El-N was identified in naïve adult mice that aged without exposure to environmental stress, suggesting that this locus determines the predisposition to age-dependent idiopathic epilepsy. El-N was not detected in previous studies, because it potentially played only a minor role in developing symptomatic epilepsy. Our data from environment III suggest that El-N influenced seizure susceptibility in aging adult animals that received repetitive stressful stimuli. The identification of El-N also illustrates the potential influence of age and repetitive seizures (Gowers’ dictum) on epilepsy gene mapping (Todorova et al. 1999). These results support the hypothesis of Lennox that the division between idiopathic and symptomatic epilepsy is not clear and that environmental and genetic factors determine seizure susceptibility in every epileptic patient (Lennox 1951).

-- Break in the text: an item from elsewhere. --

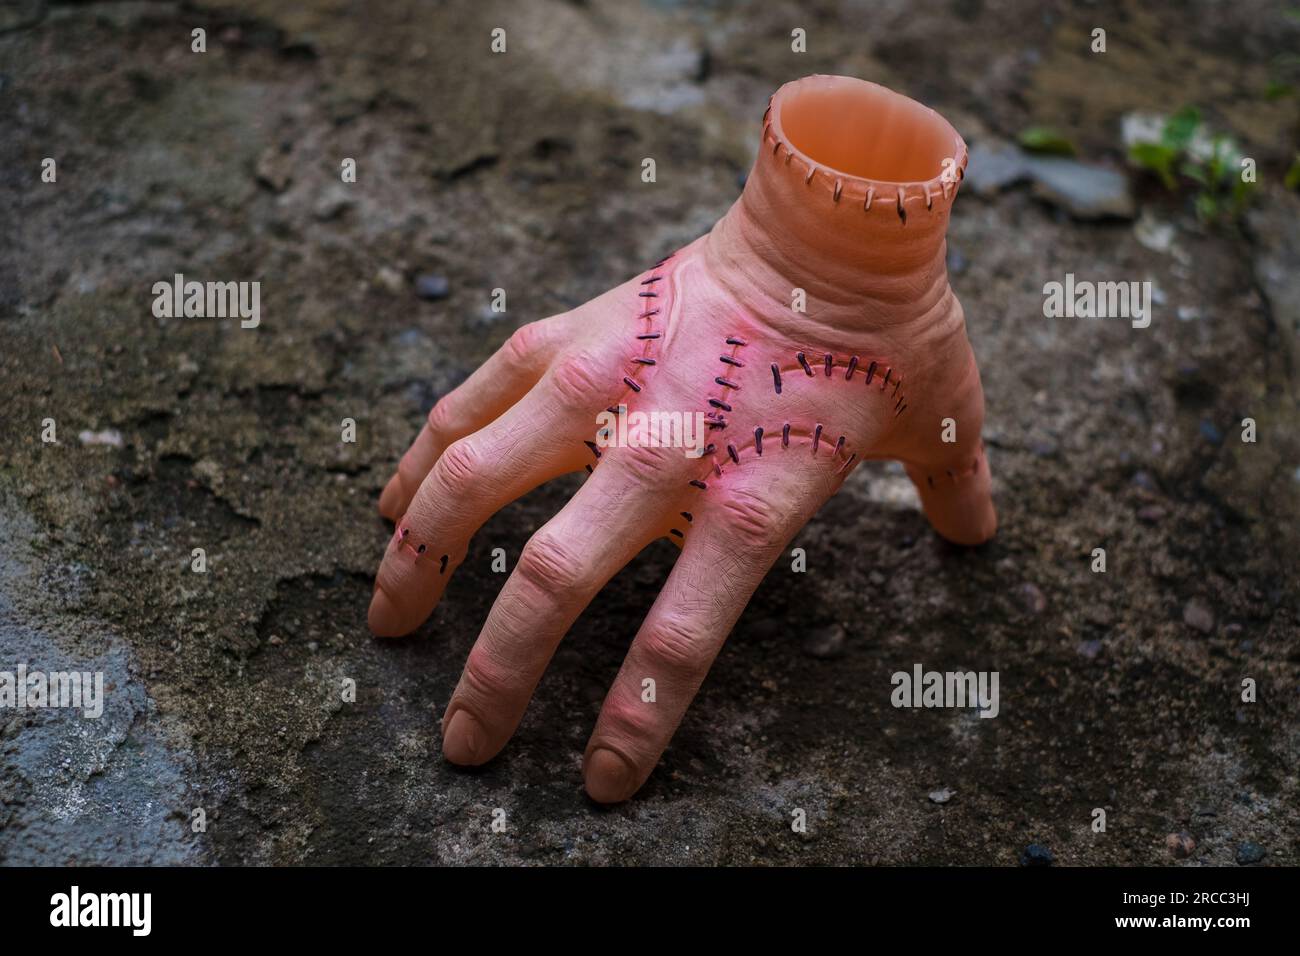 Unheimlich realistische menschliche Hand mit Narben und Stichen. Hand mit aktiven Fingern abschneiden. Plastikspielzeug. Stockfoto

Previous studies of multifactorial traits in experimental animals have emphasized the role of genotype–environment interactions in the determination of phenotype (Falconer & Mackay 1996; Mackay 2001; Wahlsten et al. 2003). The existence of such interactions indicates that a single genotype can have different performances in different environments (Cooper & Zubek 1958; Crabbe et al. 1999; Henry 1967; Schridde & van Luijtelaar 2004). Falconer (1960) also suggested that a character measured in two different environments should be regarded as two characters rather than as one and proposed that different genes may control the character in different environments. This was supported further from recent findings in Drosophila melanogaster that the expression of QTLs controlling longevity is strongly dependent on temperature and food availability in the environment and that no single QTL was present in all environmental conditions (Vieira et al. 2000). Similarly, the survival and fertility of Caenorhabditis elegans are also determined by QTL whose expression depends on the type of media used (Shook & Johnson 1999). Although the heritability estimates for seizure susceptibility were generally similar in the three environments, our results indicate that the underlying genetic factors responsible for the estimates differ in each environment.

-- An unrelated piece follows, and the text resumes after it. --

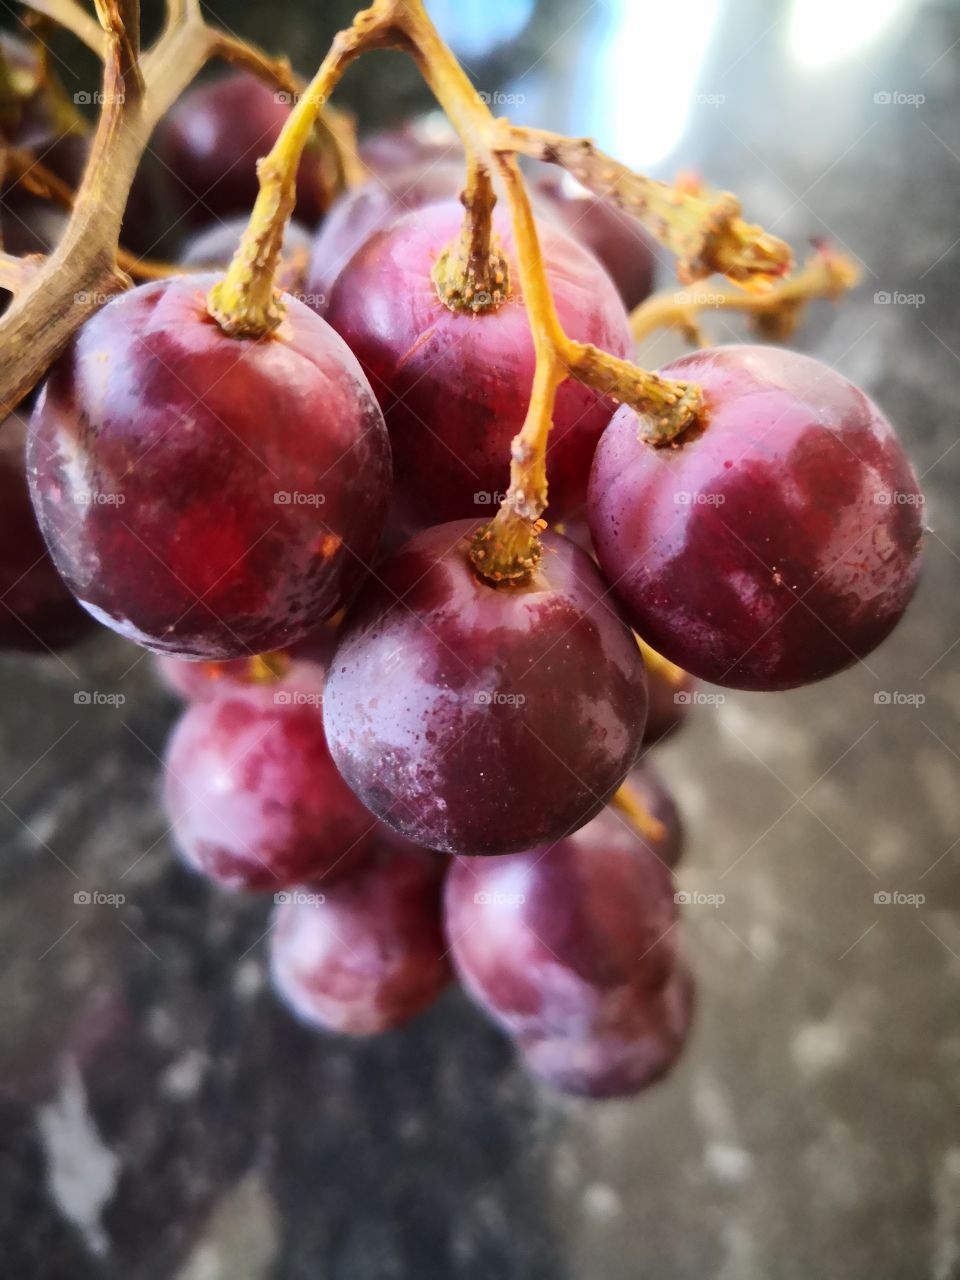 Delicious juicy grapes

In summary, we have defined how different seizure testing environments influence the inheritance and genetic architecture for seizure susceptibility in epileptic EL mice. Moreover, our findings suggest that QTL for complex epilepsies should be defined in terms of the environment in which they are expressed. These findings in mice should be instructive for those studies attempting to define the genetic architecture of the common epilepsies in humans where significant environmental effects may influence seizure predisposition.